Other than Hancock himself, saxophonist Chris Potter was the evening’s instrumental winner, generating genuine excitement with intense but thoughtful solos. In general, though, this all-star band didn’t gel: drum legend Vinnie Colaiuta overplayed, bassist Dave Holland was frequently inaudible, and Loueke—whose own trio contributed an impressive opening set—appeared to have run out of ideas by encore time.
As spectacle, Hancock’s festival-opening appearance gets a passing grade. As jazz? Maybe not.
Perhaps more than any other jazz festival in North America, Vancouver’s is about hybridity—the point where jazz meets and fuses with other musical genres.
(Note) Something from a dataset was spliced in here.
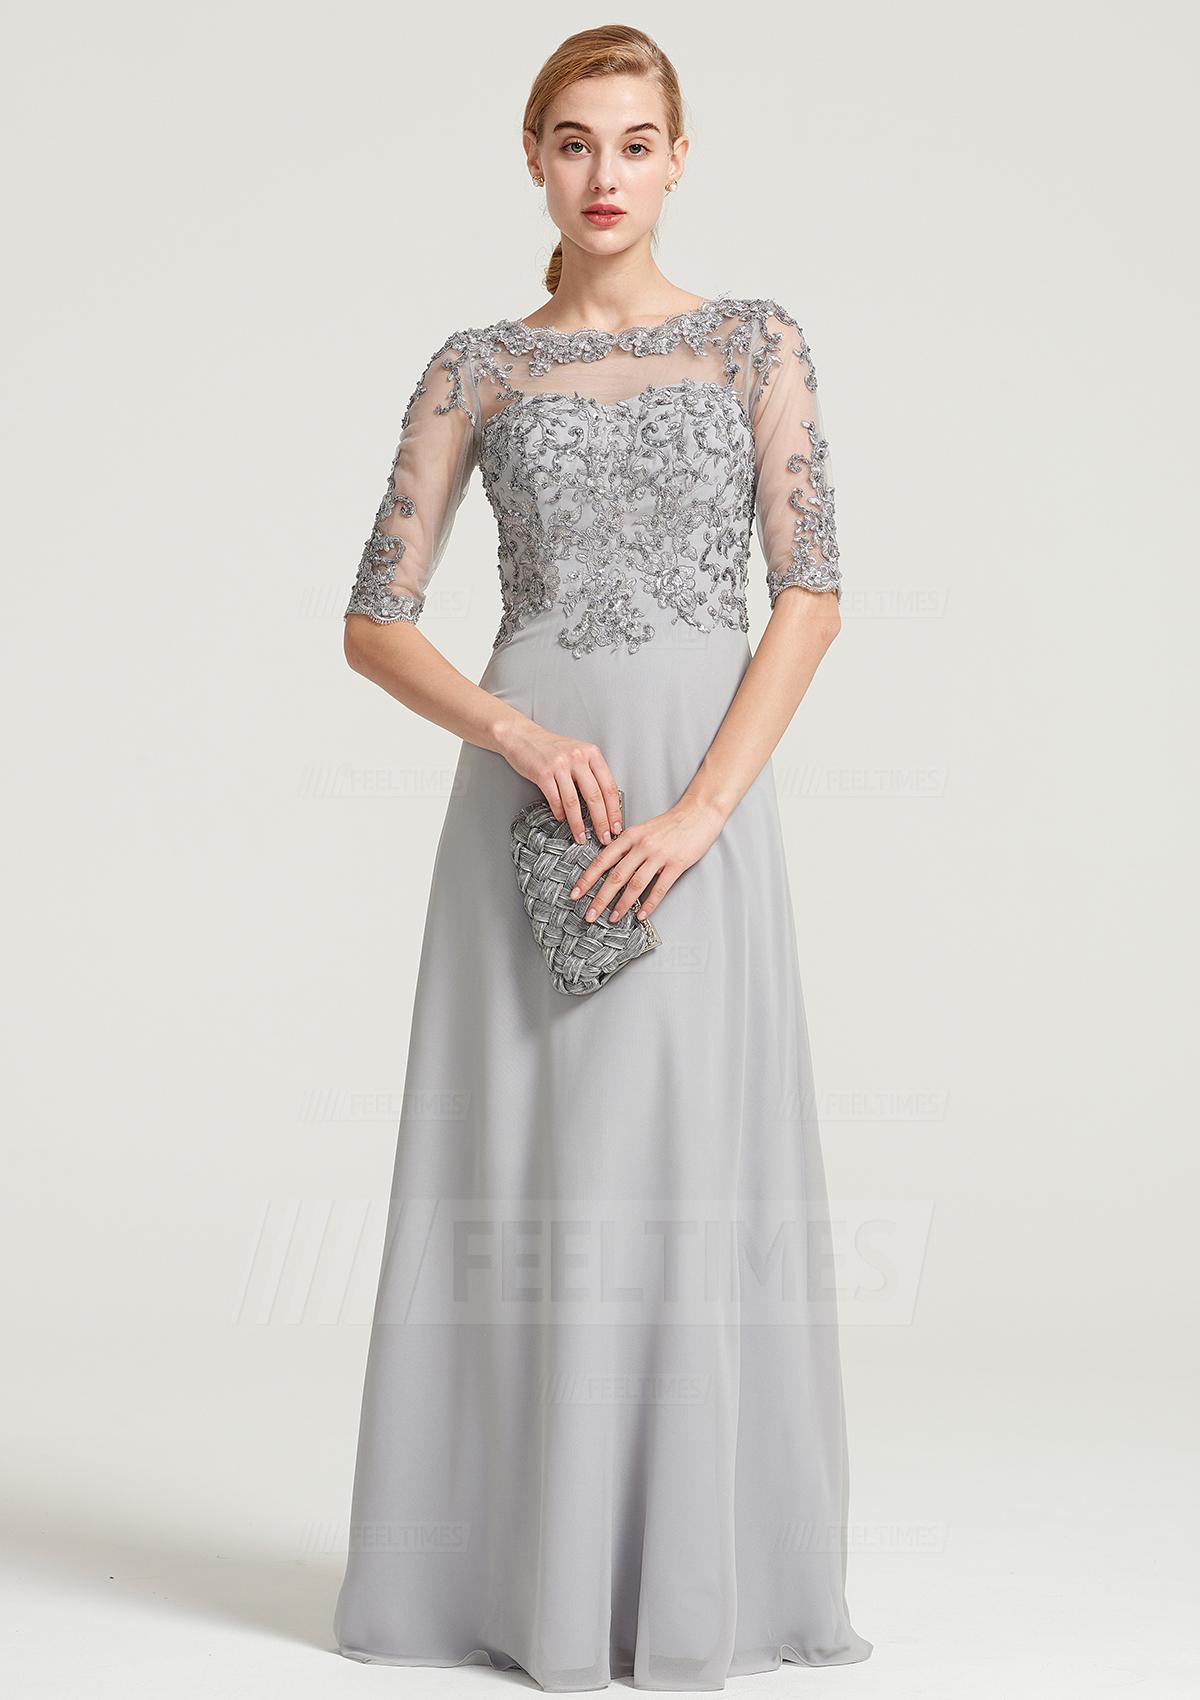 dbff52bb21cf1 A-Line/Princess Bateau Half Sleeve Long/Floor-Length Chiffon Dress ...

That these unions can offer both pleasure and peril was amply demonstrated in a pair of Western Front concerts that brought together jazz and classical music.
On June 20, baroque violinist Maya Homburger and her bass-playing husband, Barry Guy, performed an extraordinary set in which free improvisation, Guy’s intricate compositions, and excerpts from Heinrich Ignaz Biber’s Mystery Sonatas all illuminated one another. The duo’s deep rapport proved particularly effective in bringing a contemporary gloss to the Biber pieces, which sounded so fresh it was hard to believe they’re more than 400 years old.
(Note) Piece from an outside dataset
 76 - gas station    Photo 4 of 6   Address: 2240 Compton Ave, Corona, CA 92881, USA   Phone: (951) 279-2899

In contrast, the improv-oriented pairing of French keyboardist Benoit Delbecq and Montreal’s Quatuor Bozzini never quite got off the ground on June 21. Delbecq contributed hallucinatory prepared-piano soundscapes, but his string-quartet colleagues sounded hushed and tentative. We’d hoped to hear two worlds colliding, but the effect was more that of a séance in which the desired spirit never materialized.
Caribbean party fever erupted at the end of the Gastown Jazz program on June 21, when La Gran Union and Wil Campa launched into another of the fast-and-festive salsa numbers that peppered their set. Conga lines instantly appeared throughout Maple Tree Square and began weaving and swaying through a crowd of hundreds of people, all on their feet cheering after almost two hours of hot Cuban dance music. And to finish the song with a Havana flourish, the 10-piece outfit—including two trombonists and two trumpeters—marched off the stage playing, and snaked its way among the revellers. Genial bandleader Campa, who has a sweet and powerful voice, proved a relentless animator for audience and musicians alike, prowling the stage with microphone in hand, breaking into dance moves, and exhorting everyone to join in on the many call-and-response songs. It felt like summer had finally arrived.
Former Vancouver saxophonist and composer Michael Blake is an amazingly eclectic artist, and he displayed several facets of his complex character at the Roundhouse on June 22. With the sextet Amor de Cosmos, a dream team of this city’s top players, Blake explored a spectrum of styles and genres, sometimes within the same composition. “So Long Seymour” comprised elements of contemporary classical, bebop, and free jazz, and one of the early passages had a Middle Eastern maqam flavour. The spacious music frequently shifted pace and mood, and had as its highlight two brief but brilliant duets, first Blake and trumpeter Brad Turner, and later keyboardist Chris Gestrin and vibraphone player Sal Ferreras. The set’s final item, “The Wash Away”, was a jubilant African groove. Inspired by the music of kora player Keba Cissoko, it started out in 11/8 time and gave all of the musicians room to improvise together within its expansive structure, down to the final rattle of mules’ hooves.